Using a variety of data sources, FD can accurately measure the effectiveness and impact of marketing campaigns.
Attribution models determine which marketing channel gets credit for a given conversation. Attribution models can be rule-based (i.e. last click) or based on statistical models. By default, FD uses statistical models to determine the impact of campaigns on sales. In the absence of a deterministic identifier, probabilistic attribution models are used as a fallback option to understand campaign efficiency and impact. We do not use statistical modelling to attribute conversions to individual customers or users.
To increase accuracy, these models rely on a variety of data sources. In addition to traditional tracking data from pixels (Google Analytics or Metas Pixel or other), our probabilistic attribution models incorporate campaign insights (e.g. how many clicks per hour), but crucially also sales data from ticketing systems. This last part is the key differentiator that most other attribution solutions lack due to lack of integration.

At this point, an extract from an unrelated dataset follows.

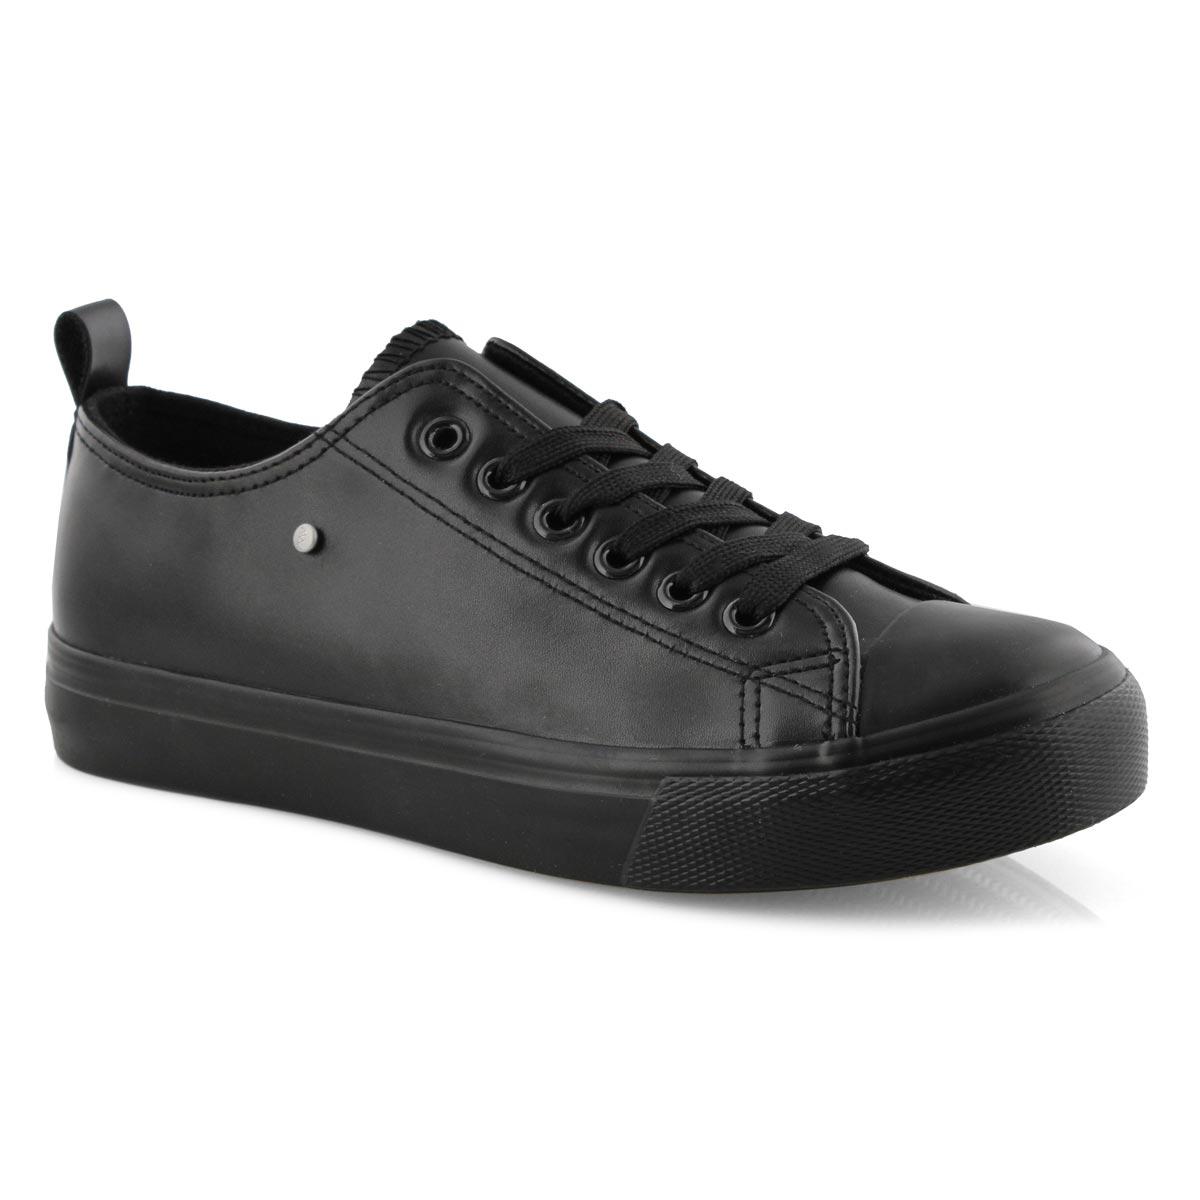 Lds Hazel black vegan lace up sneaker

While in the past the de facto standard in the advertising industry was deterministic attribution (counting how many times a page was visited), this is no longer technically possible/allowed by major platforms and operating systems such as Apple's iOS/iPadOS, and more and more browsers have adopted these changes. Companies like Meta and Google have updated their methods accordingly to be probabilistic. This means that they also rely on statistical models to measure how many people bought something.
Our attribution model takes other external factors into account. These include general market trends, changes in national buying sentiment of ticket buyers, changes in demand for other events in similar sales cycles of each promoter, but also known patterns of other marketing events and external 'shocks' (e.g. email marketing campaigns, press publications).
It also includes insights from fans' price sensitivity and changes in average price points to account for available discounts.
Combining all those factors gives a reliable insights into campaign efficiency and effect on sales.